It is a schematic diagram of the coaxial cable of Example 1 of the present invention. It is a schematic diagram of the coaxial cable of Example 1 of the present invention. It is a flowchart of the manufacturing method of the coaxial cable of Example 1 of this invention. It is a schematic diagram of the equipment which manufactures the coaxial cable of Example 1 of this invention. It is a SEM photograph of the carbon nanotube film of the present invention. It is a SEM photograph of the carbon nanotube composite of Example 1 of the present invention. It is a TEM photograph of the carbon nanotube composite of Example 1 of the present invention. It is a SEM photograph of the twisted linear carbon nanotube structure of Example 1 of the present invention. It is a SEM photograph of the linear carbon nanotube structure of Example 1 of the present invention. It is a schematic diagram of the coaxial cable of Example 2 of the present invention. It is a schematic diagram of the coaxial cable of Example 3 of the present invention.

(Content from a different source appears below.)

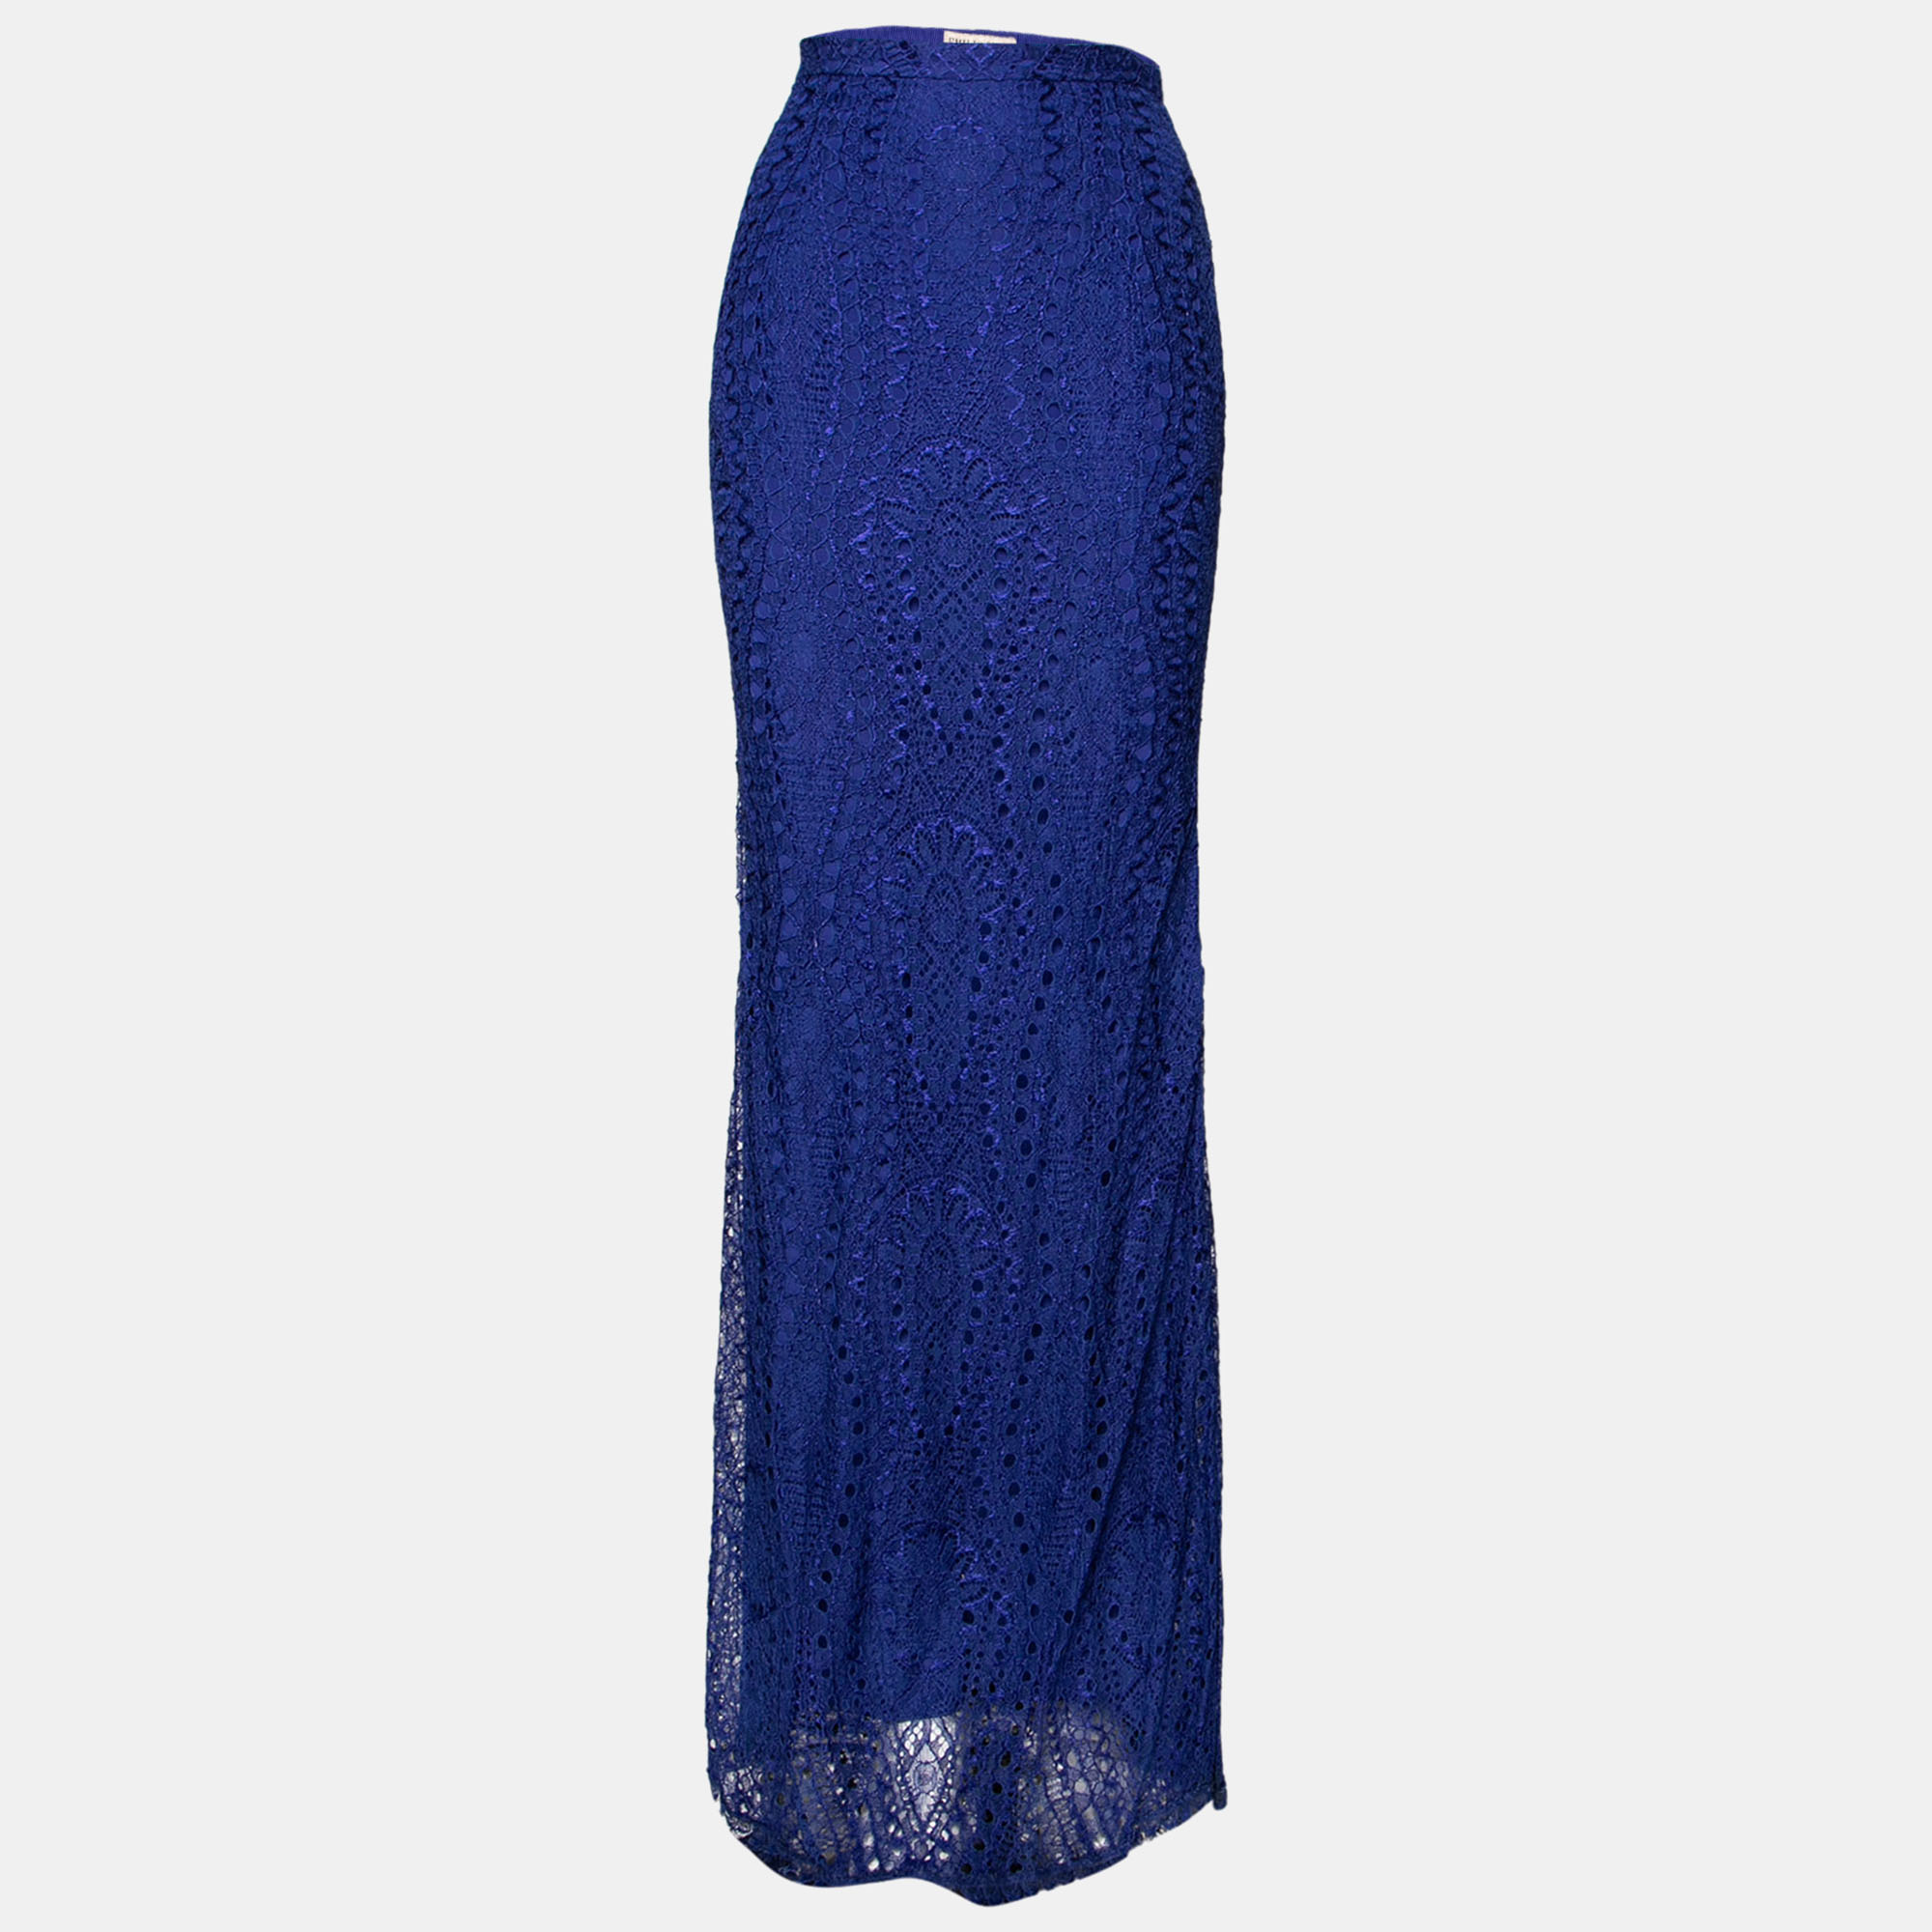 Emilio pucci blue lace maxi skirt s

  Embodiments of the present invention will be described below with reference to the drawings.

Example 1
Referring to FIG. 1, the coaxial cable 10 of the present embodiment includes a core 110, an insulating layer 120 coated on the outer surface of the core 110, and a shielding layer 130 coated on the outer surface of the insulating layer 120. And a sheath layer 140 coated on the outer surface of the shielding layer 130. The core 110, the insulating layer 120, the shielding layer 130, and the sheath layer 140 are arranged coaxially.

  The insulating layer 120 is made of polytetrafluoroethylene, polyethylene, polypropylene, polystyrene, or a nano-clay-polymer composite material. The shielding layer 130 is made of a conductive material. The shielding layer 130 is obtained by tangling metal wires or a metal film. Of course, the shielding layer 130 may use a carbon nanotube film including a plurality of carbon nanotubes. Further, a net-like carbon nanotube structure formed by crossing carbon nanotube wires made of a plurality of carbon nanotubes can be used as the shielding layer 130. The sheath layer 140 is made of an insulating material. In the present embodiment, the sheath layer 140 is made of a nano-clay-polymer composite material. The nano clay is nano-montmorillonite. The polymer is any one of silicon resin, polyamide, and polyolefin, for example, polyethylene and polypropylene.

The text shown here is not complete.